Зубр не знал, что ему предполагать. Эсбист что-то нащупывал, не имея, по всей видимости, доказательств против него. Упоминал лишь Угара и Сову, Сморчок тут не в счет. На чем-то он подцепил Сову. Но тогда зачем же его оставили в схроне на полянке?
Отмахнулся Зубр от возникающих вопросов, даже сплюнул, ощутив, что прямой опасности лично ему нет. Однако тревога осталась, никакой ясности-то еще не проглянуло. Да тут к тому же подпустили страху явившиеся двое здоровенных мужиков, с которыми он чуть ли не бок о бок ночью пришел сюда. Они без лишних слов, как на расправу, пригласили: «Пошли!» И таинственно-молча повели от сторожки в глубь леса.
Вот когда все напряглось в нем. Зубр хорошо знал легких на расправу эсбистов, карающих даже при малом сомнении в верности.

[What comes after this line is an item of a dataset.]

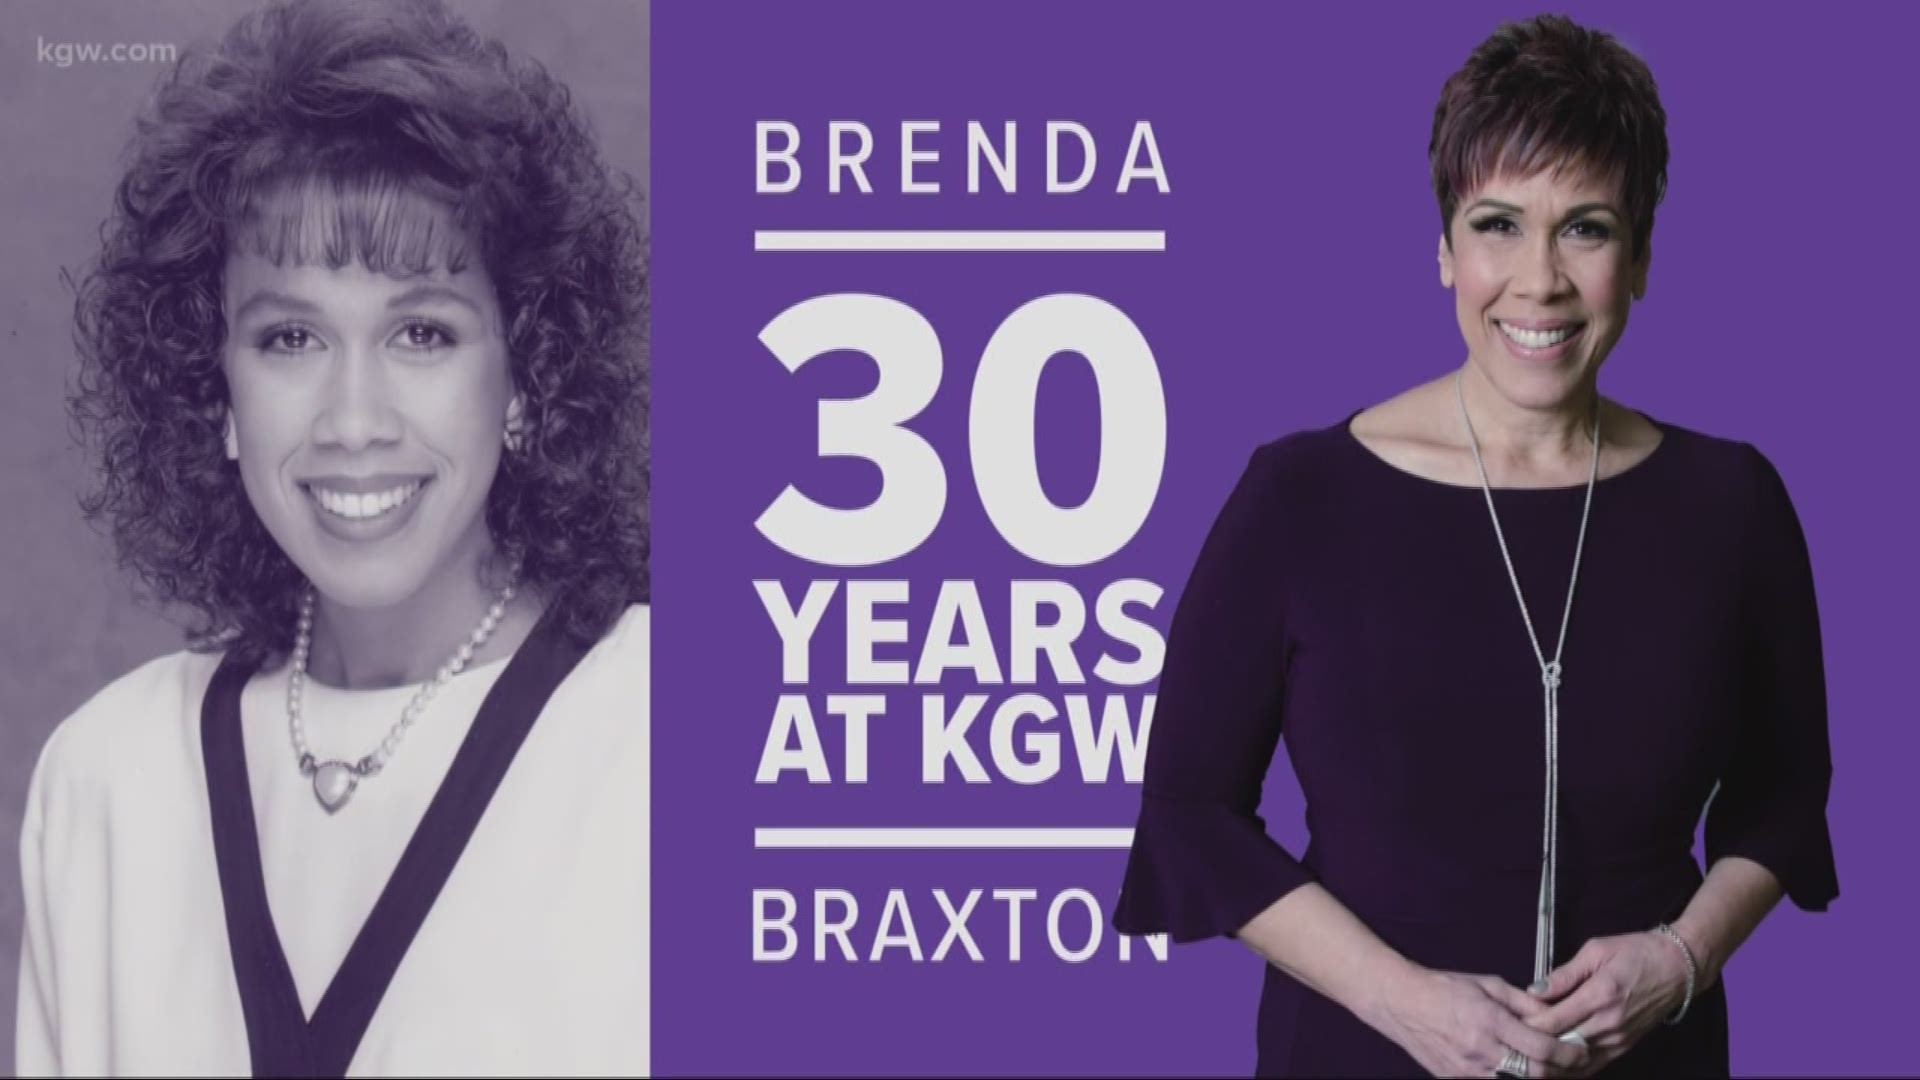 All kinds of accolades poured in for veteran Sunrise anchor Brenda Braxton.

Зубра скоро привели к стогу на полянке, возле которого он оторопело увидел лежащего со скрученными назад руками Сову. Его разбитое в кровь лицо трудно было узнать. Эсбист пытался что-то сказать, узнав своего главаря. Наверное, хотел просить пощады, не иначе, но его рассеченные, опухшие губы лишь нервно вздрагивали.
И посуровело лицо Зубра. Для него сейчас неважно было, виновен тот или нет. У него самого установилось правило: нанес удар, бей дважды. И он готов был, даже хотел тупорылым сапожищем добавить боли Сове.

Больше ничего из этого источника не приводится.